» **What the exercise asks**
Once you find the line containing "Scene of a standoff", set down exactly that line and every one after it through the end of the listing below, with both ends included and any pictures omitted.

» **Data block**
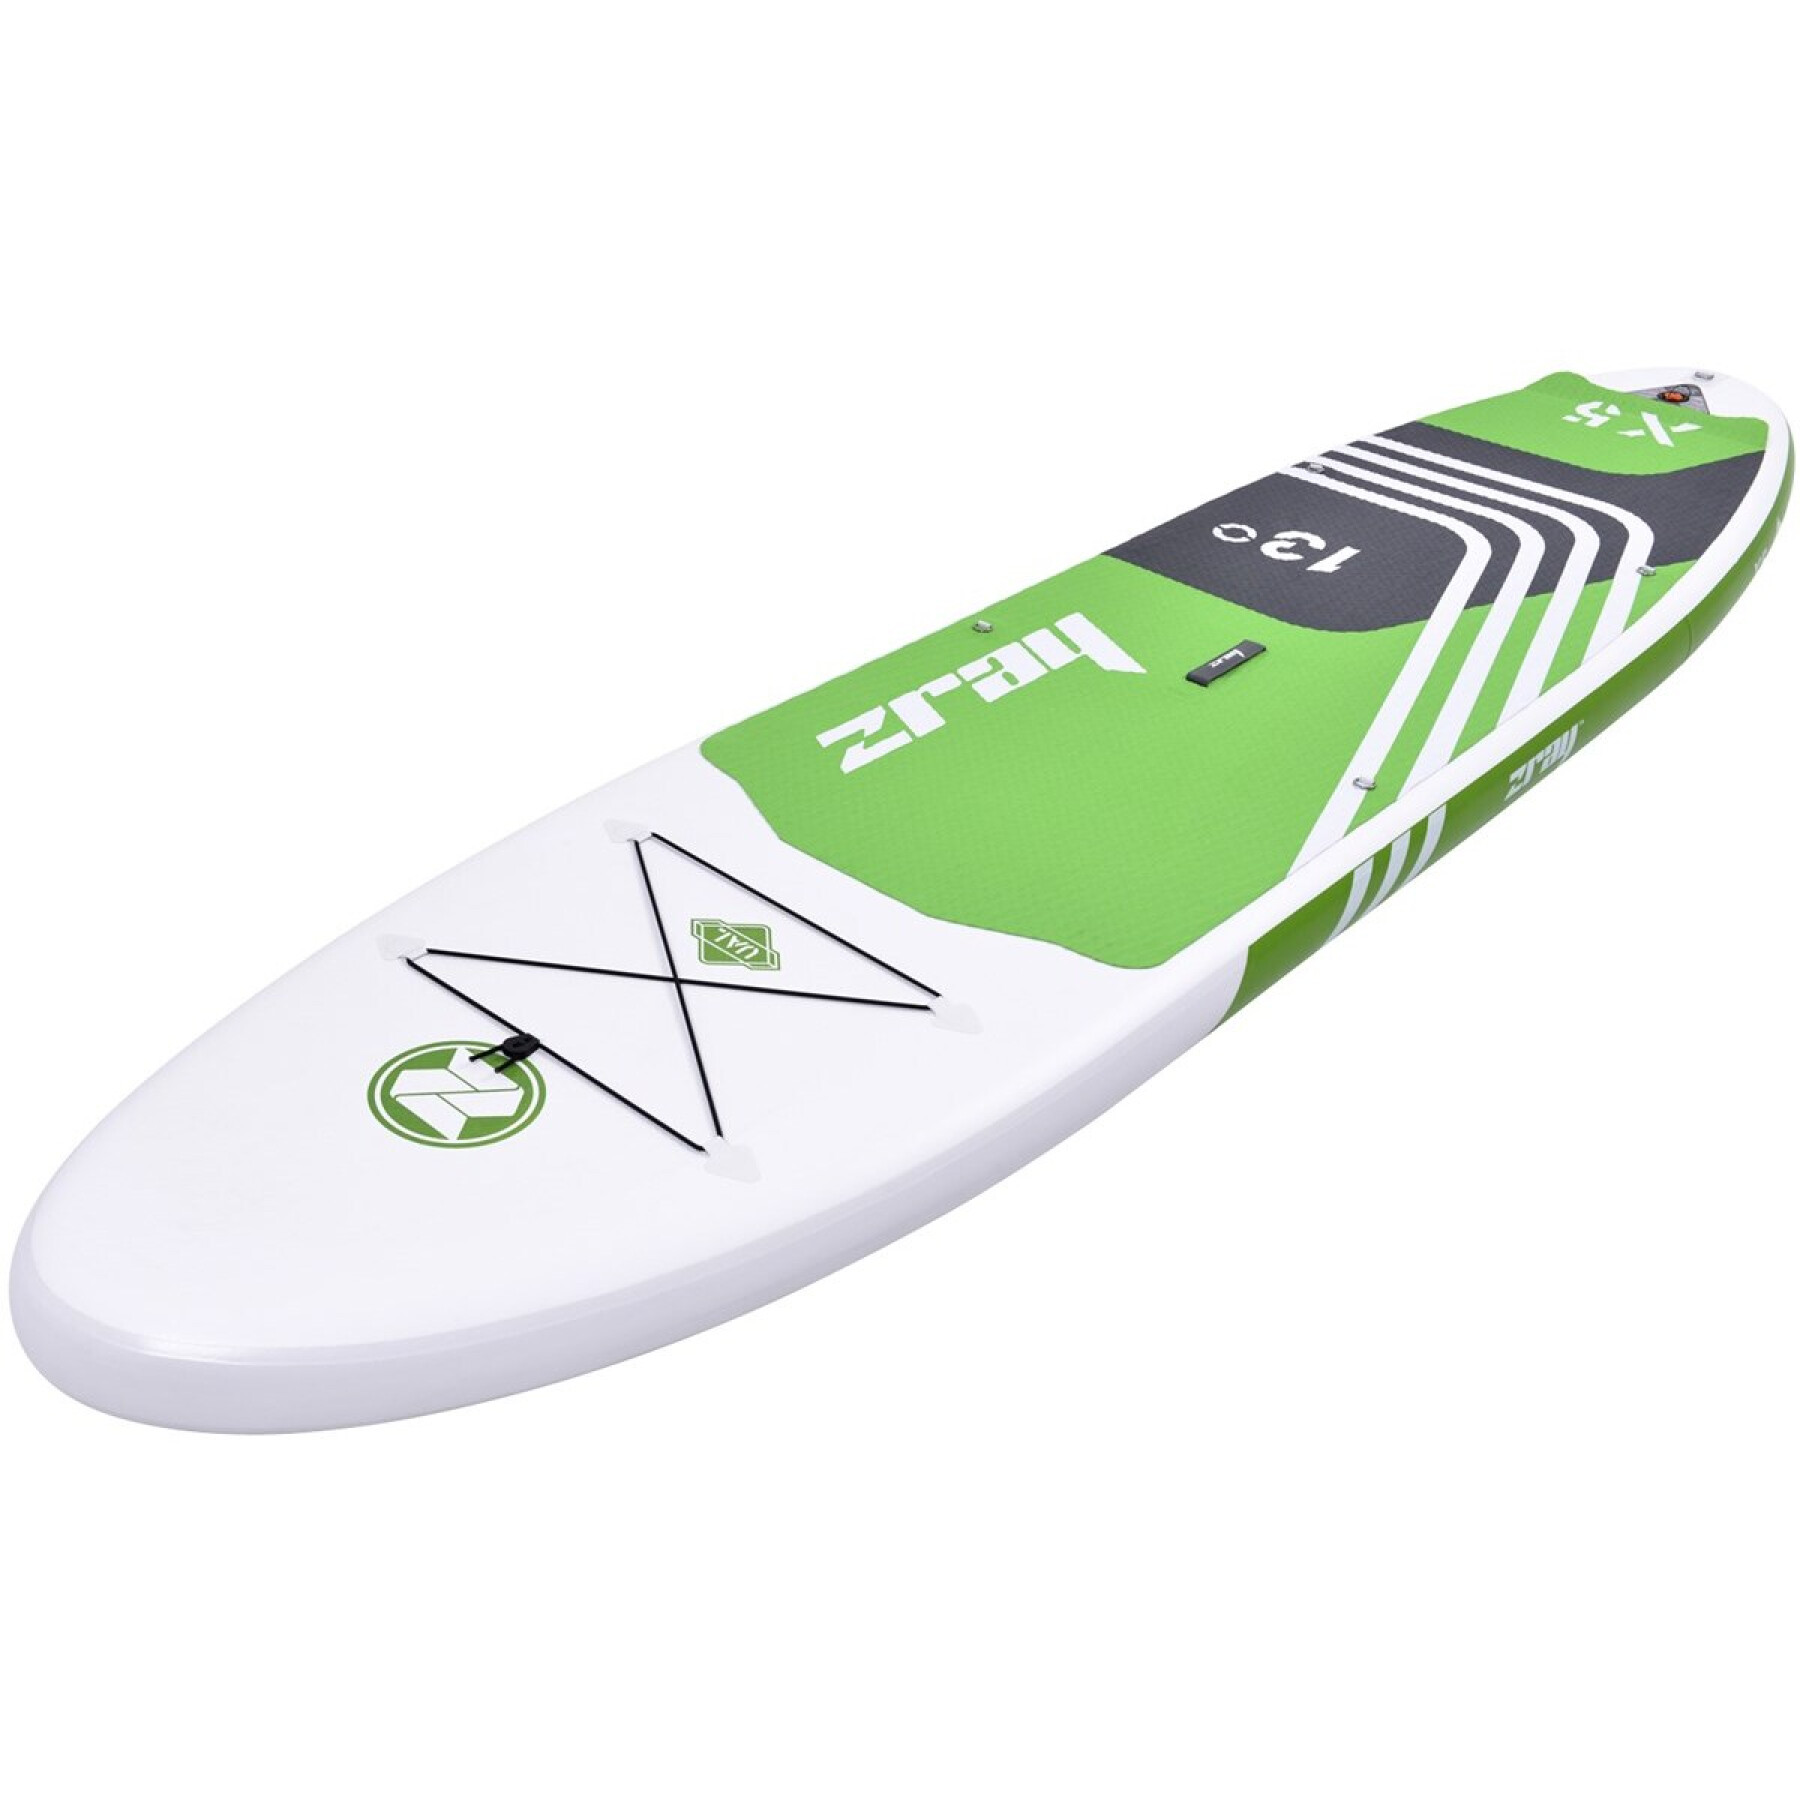 Inflatable stand-up paddle Zray X-Rider X5 13
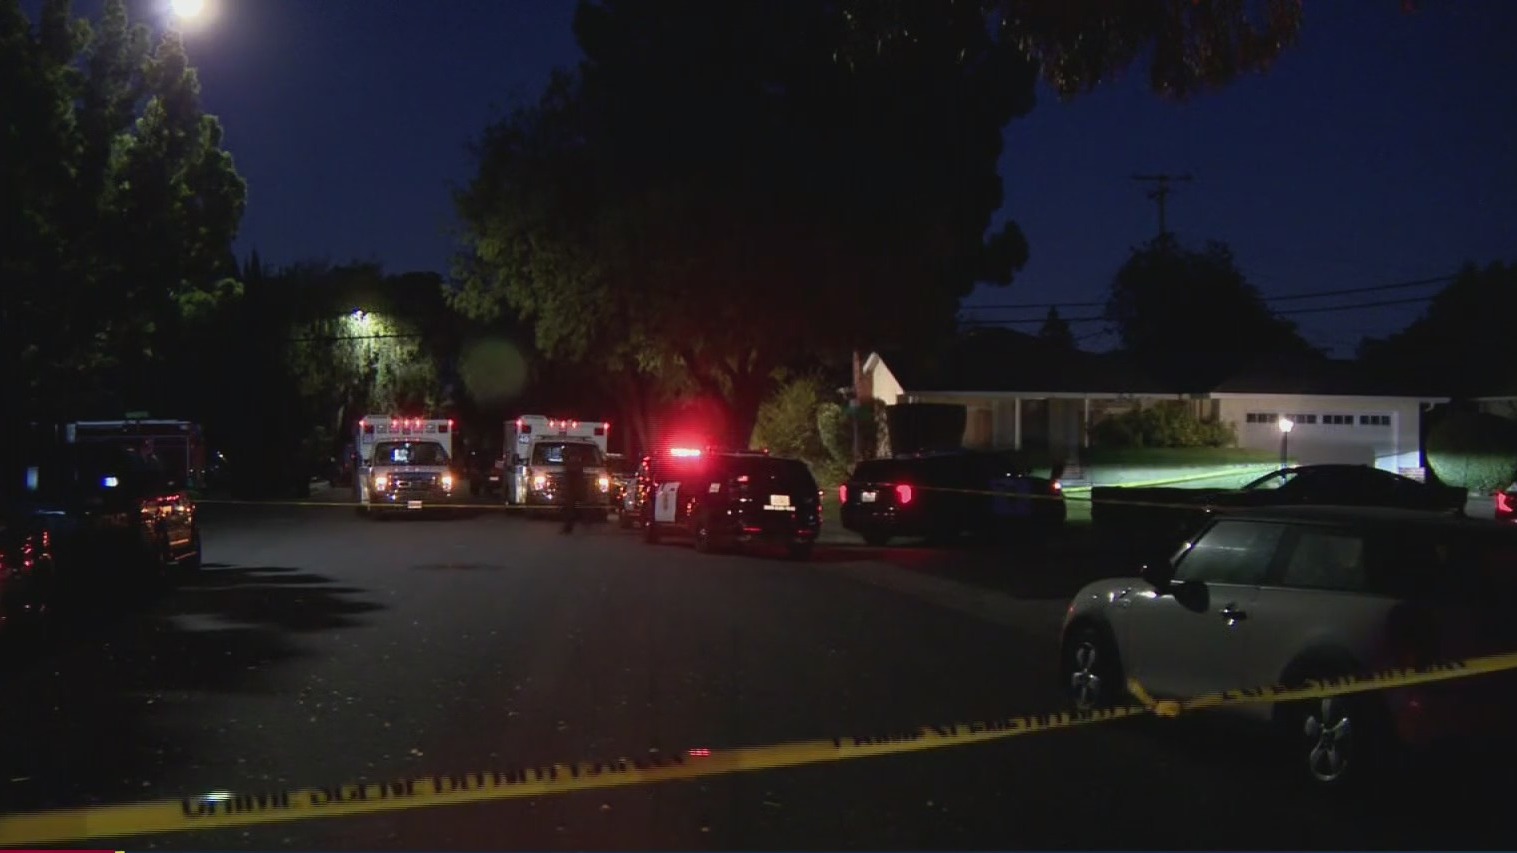 Scene of a standoff on the 400 block of Pala Avenue in Sunnyvale on May 19, 2021. (CBS)
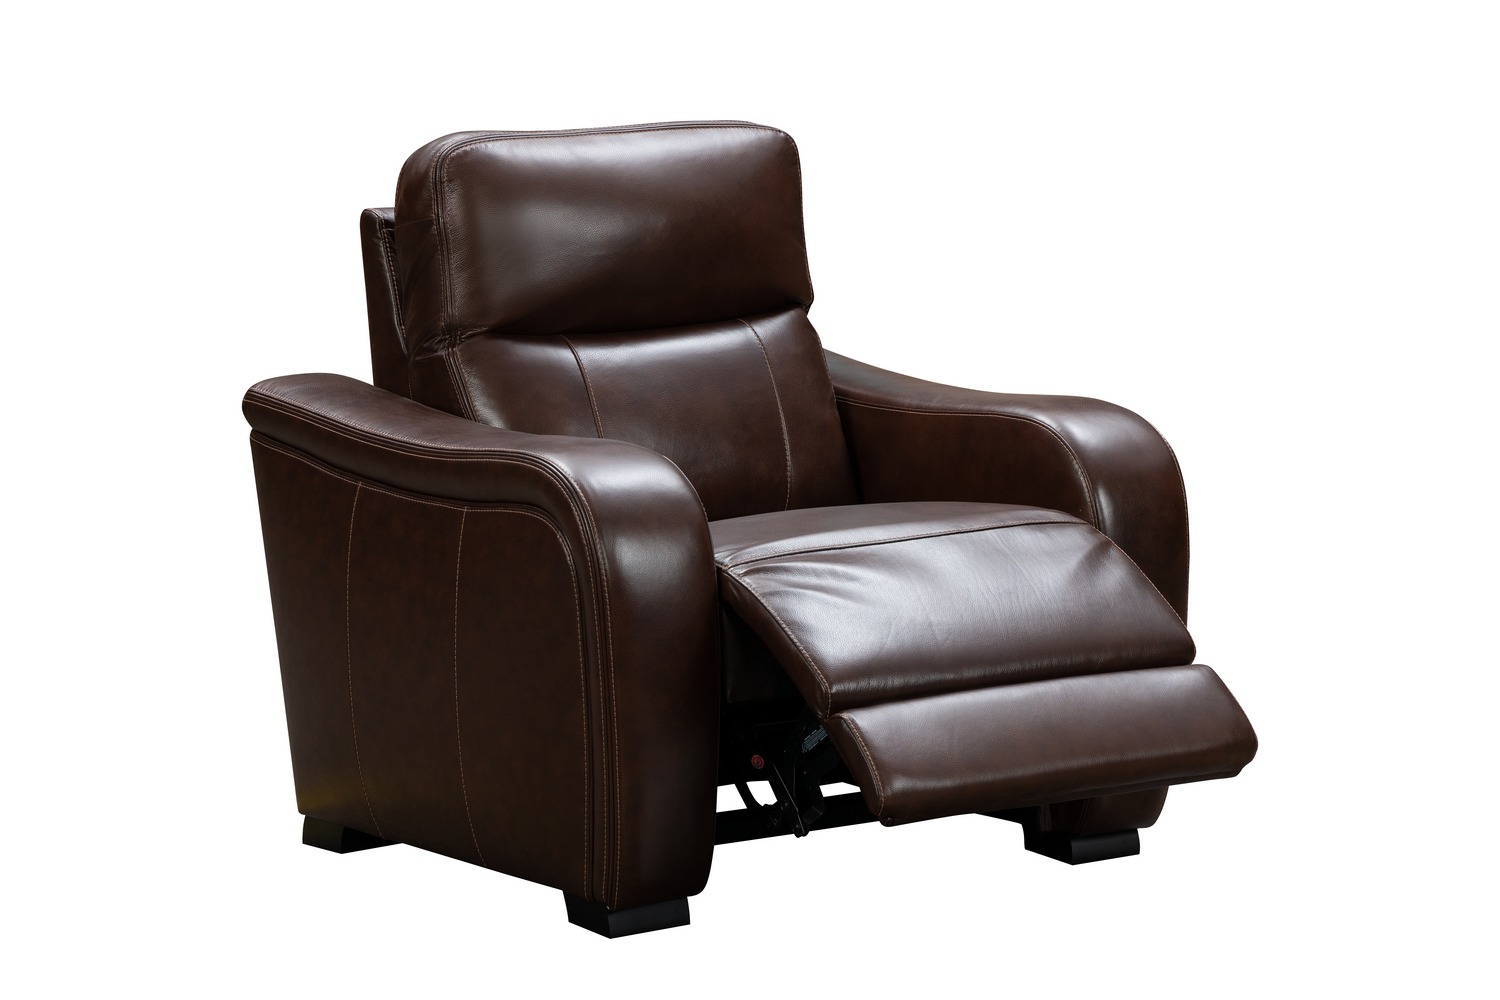 Barcalounger Electra Power Recliner Chair with Power Head Rest and Power Lumbar - Castleton Rustic Brown/Leather Match

» **Solution**
 Scene of a standoff on the 400 block of Pala Avenue in Sunnyvale on May 19, 2021. (CBS)
 Barcalounger Electra Power Recliner Chair with Power Head Rest and Power Lumbar - Castleton Rustic Brown/Leather Match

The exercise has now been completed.